3. M.D., Prof. & HOD
Dept. of Anaesthesiology,
Jawaharlal Nehru Medical College, Belgaum
Correspond to :
Dr. Kiran M.D.
E-mail : kiranmd@rediffmail.com
SUMMARY
Several studies using neostigmine as an adjuvant to local anaesthetics (LA) for epidural anaesthesia are available in literature, all claiming obvious advantages; but neostigmine as an adjuvant to compound mixture of local anaesthetics for epidural anaesthesia has not been studied yet. We have conducted a prospective double blinded randomized controlled trial on fifty ASA I and II patients of both sexes who were scheduled to undergo elective lower abdominal surgeries. The patients were allocated to two groups, viz. saline (S) and neostigmine (N) who received placebo or neostigmine respectively with compound mixture of lignocaine 2% and bupivacaine 0.5% in the ratio of 1:4 by mass for epidural analgesia. The onset of sensory block, duration of postoperative analgesia, associated hemodynamic changes, and sequelae between the two groups were studied. Pain was assessed using a 10 cm Visual Analogue scale (VAS). Addition of neostigmine to compound mixture of lignocaine and bupivacaine resulted in no change of onset of sensory analgesia but prolonged the duration of analgesia with no sequelae.
Introduction
Acute pain in the postoperative setting can have adverse physiological and psychological effects due to the stress hormone response induced by anaesthesia and surgery. Thus postoperative pain management plays a vital role in deciding the overall outcome of any surgery. Epidural analgesia with a local anaesthetics and opioid is one of the recommended techniques for control of postoperative pain,1 which at times may prove to be inadequate and may also be associated with side effects of the adjuvant opioid. Compounding of local anaesthetics for epidural administration is an accepted technique, which combines the advantages of individual constituents. Many a times this will not be enough to alleviate postoperative pain and so there is a continuous search for newer techniques and strategies wherein intra-operative analgesia is extended into post operative period. With the introduction of multimodality approach to pain management, wherein two or more drugs with different mechanisms of action are used, newer adjuvants like Clonidine, Ketamine, Tramadol, Fentanyl, Midazolam, Neostigmine etc have been all tried as adjuvants to local anaesthetic agents with varying success rates.2 But studies are scarce with adjuvants added to compound mixtures of local anaesthetic agents for epidural block. There is no study to our knowledge yet documented wherein neostigmine is added to compound anaesthetic mixtures of local anaesthetic agents for epidural analgesia. This study was designed to evaluate the effects of adding neostigmine to compound mixture of lignocaine and bupivicaine mixture for epidural analgesia for lower abdominal surgeries.
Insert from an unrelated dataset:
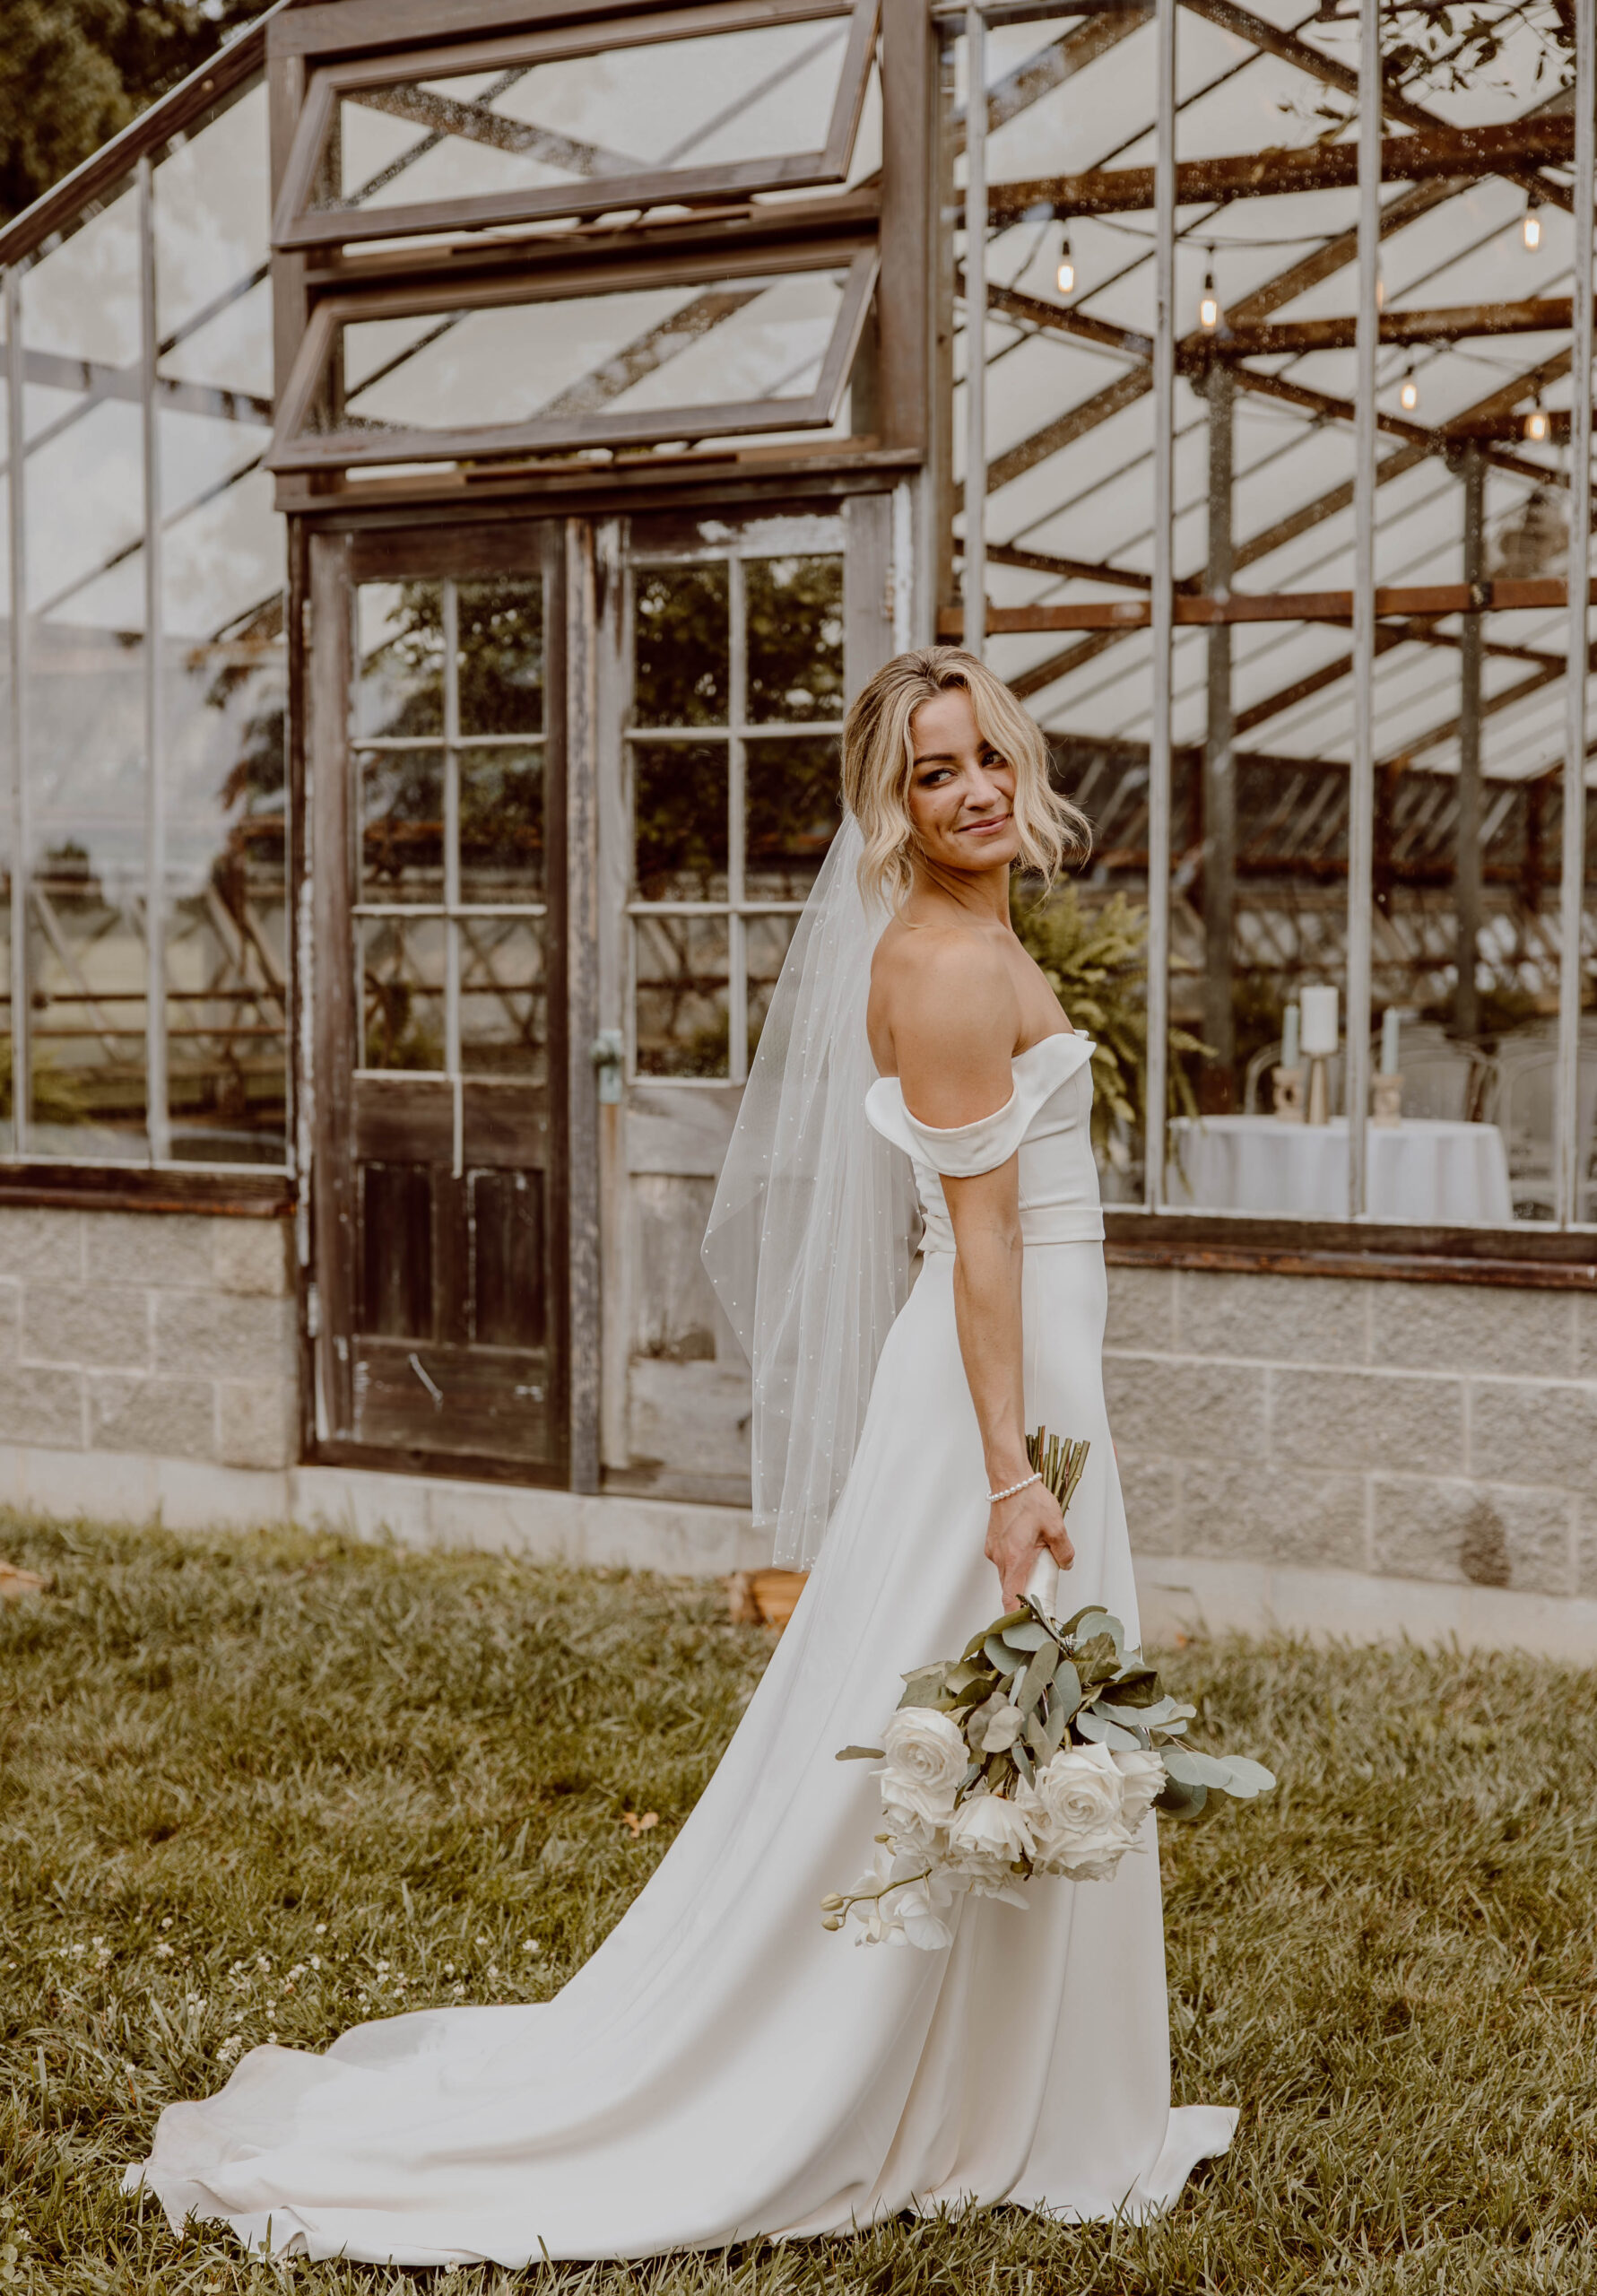 Jorgensen Farms Wedding, Westerville Ohio, Columbus Wedding Venues, Jorgensen Farms Wedding, Columbus Wedding Photographer, Ohio Wedding Photographer

The objectives of the study were
1. to compare the onset of sensory block and duration of post-operative analgesia between compound mixtures of lignocaine, and bupivacaine with and without neostigmine.
2. to compare associated haemodynamic changes and any other associated sequelae.
Material and methods
After obtaining institutional ethical committee approval, and written informed consent, fifty patients between 18-55 years, of age, height of 150-175 cms and weight of 45-70 kgs of either sex and ASA classes I, II, undergoing elective lower abdominal surgeries under epidural anaesthesia were included in this prospective double blind randomized controlled trial. The patients were allocated into two groups viz Group S (Saline group n=25) and Group N (Neostigmine group n=25) as per computer generated randomization.
Patients with coagulopaty neurological diseases, spine deformities, diabetes mellitus, hypertension, allergic to study drugs, pregnant or lactating women were excluded from the study.
The patients of Groups S and Group N were scheduled to receive mixture of 8 ml of 2% Lignocaine hydrochloride with 8 ml of 0.5% bupivacaine with 1 ml normal saline and 8 ml of 2% Lignocaine hydrochloride with 8 ml of 0.5% bupivacaine with 1 ml of 0.01% neostigmine respectively.
A complete pre anaesthetic evaluation was carried out; base line pulse rate, blood pressure, respiratory rate were recorded. The concept of Visual Analog Scale (VAS) was introduced to all the patients before surgery.
After securing an I.V. access with appropriate cannula, all patients were premedicated with IV Ranitidine 2 mgkg-1 and IV Ondansetron 0.1 mgkg-1 45 min prior to shifting inside Operating Room (OR). All patients were preloaded with 15 mlkg-1 of Ringerlactate within 15 minutes before the block.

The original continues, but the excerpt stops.